Black History Month’s nationwide mission, since its annual designation by Gerald Ford in 1976, has been to honor and celebrate the achievements of African Americans. Although they have become much more visible in the entertainment landscape since the early 1970s, shows centered around African Americans are still few and far between, as was the case during our country’s bicentennial year, with shows like “Good Times” and “The Jeffersons” being the exception rather than the rule.
Forty years later, the entertainment landscape (and with it, public awareness) has changed considerably and for the better. In 2017, the entertainment industry is far more diverse, with TV shows and films that feature black characters and actors from a large variety of backgrounds.
As February drew to a close, the Oscars, an event which was heavily criticized last year for the lack of diversity in its actor nominations, offered an undoubtedly bright, diverse image of black talent. Viola Davis won Best Supporting Actress for her role in the movie “Fences,” and is now one of the select few actors and actresses to have earned an Emmy, Tony, and an Oscar. Denzel Washington was nominated for Best Actor, and Ruth Negga was nominated for Best Actress.

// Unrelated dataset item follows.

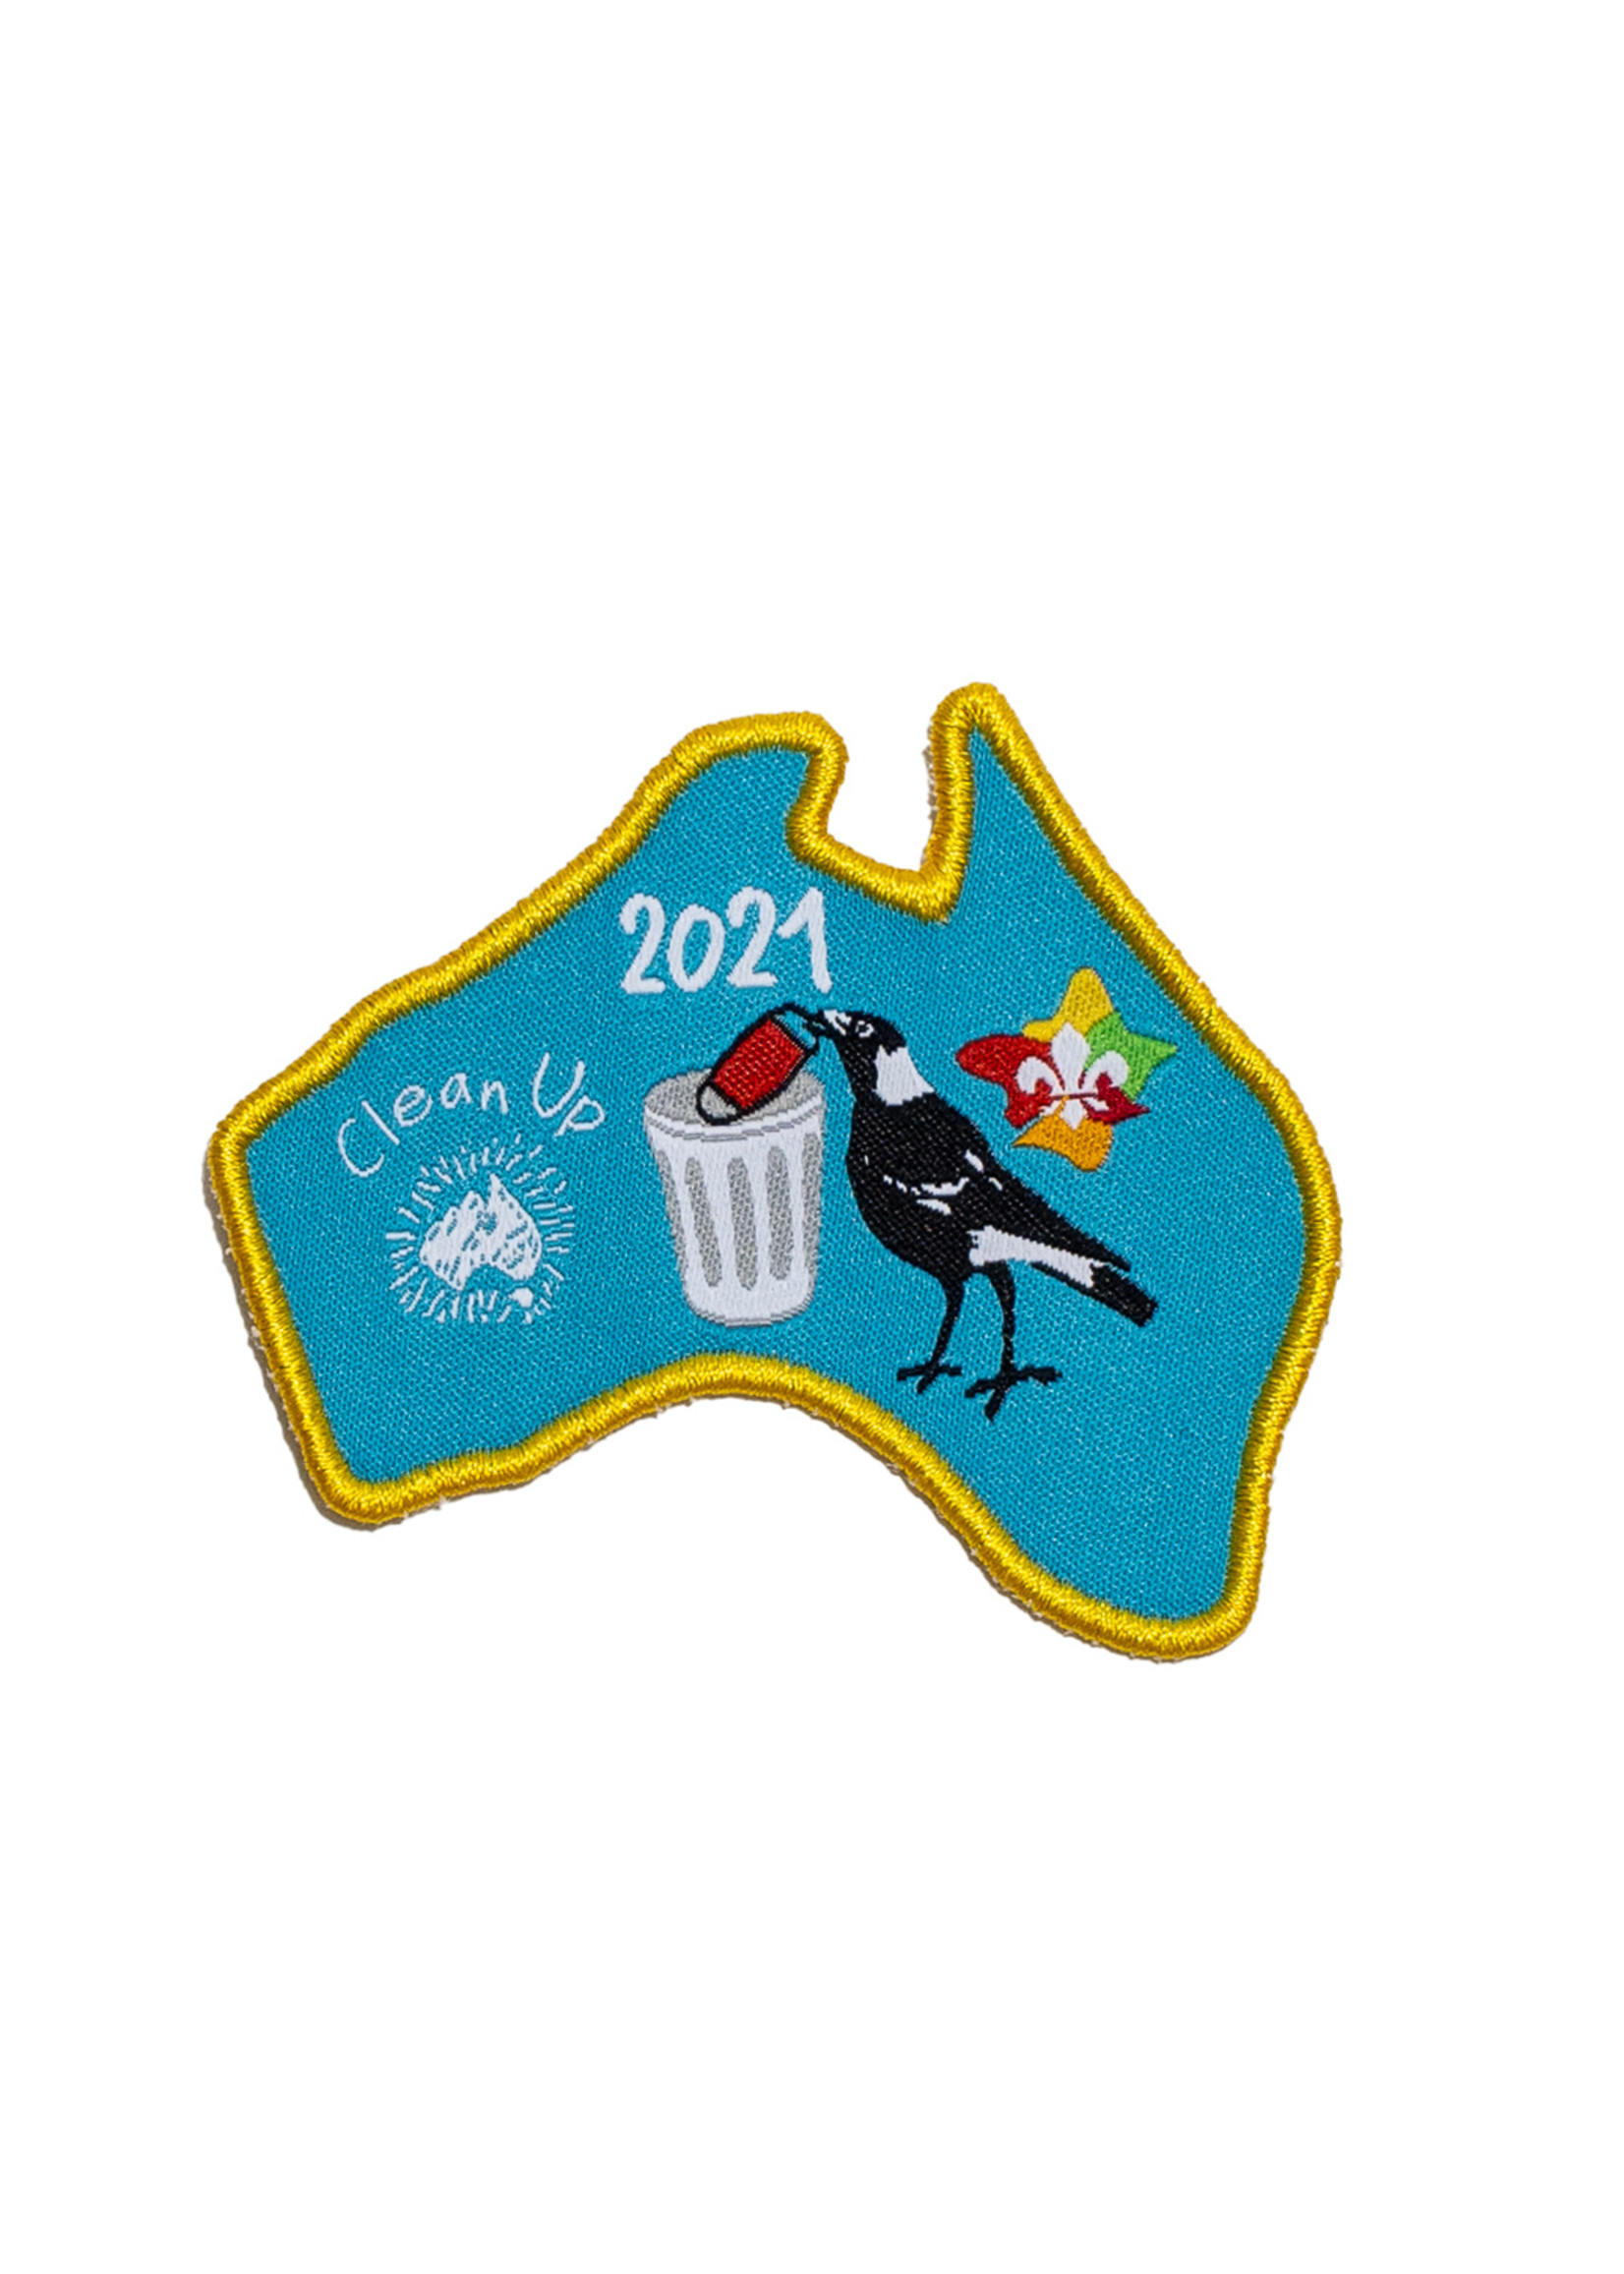 2021 Clean Up Australia Badge

Mahershala Ali won Best Supporting Actor for his role in “Moonlight,” the story of a young black man growing up in a rough Miami neighborhood, a movie which also won Best Picture, the Academy’s highest honor.
Aside from the critical success of the movie “Moonlight,” January’s debut of “Hidden Figures,” which highlights the struggle and integral role of black women at NASA at the dawn of the space program, was also not only nominated for Best Picture, but has also been a box office smash; it earned over $150 million dollars in the US market. These two movies and others like “Fences” highlight not only the accomplishments and talents of their actors, but the oftentimes neglected stories of the characters they play. Before “Hidden Figures,” not many people knew who Katherine Johnson was or how integral she was to the space program. Now, at age 98, she received a standing ovation at the Oscars and has inspired little girls everywhere with her story, regardless of their race.
In the past 40 years, television has evolved to include a variety of African American casts and shows. Television today features shows like “Black-ish,” “Empire,” and “Scandal,” which center around African American characters, with some often challenging and defying stereotypes. They portray a wide spectrum of black America, from music moguls and political power players to middle class families, to name but a few.
A lot has changed in 40 years, and the entertainment industry is shifting with it, making more of a move towards the goal of Black History Month itself: to honor the accomplishments of black Americans.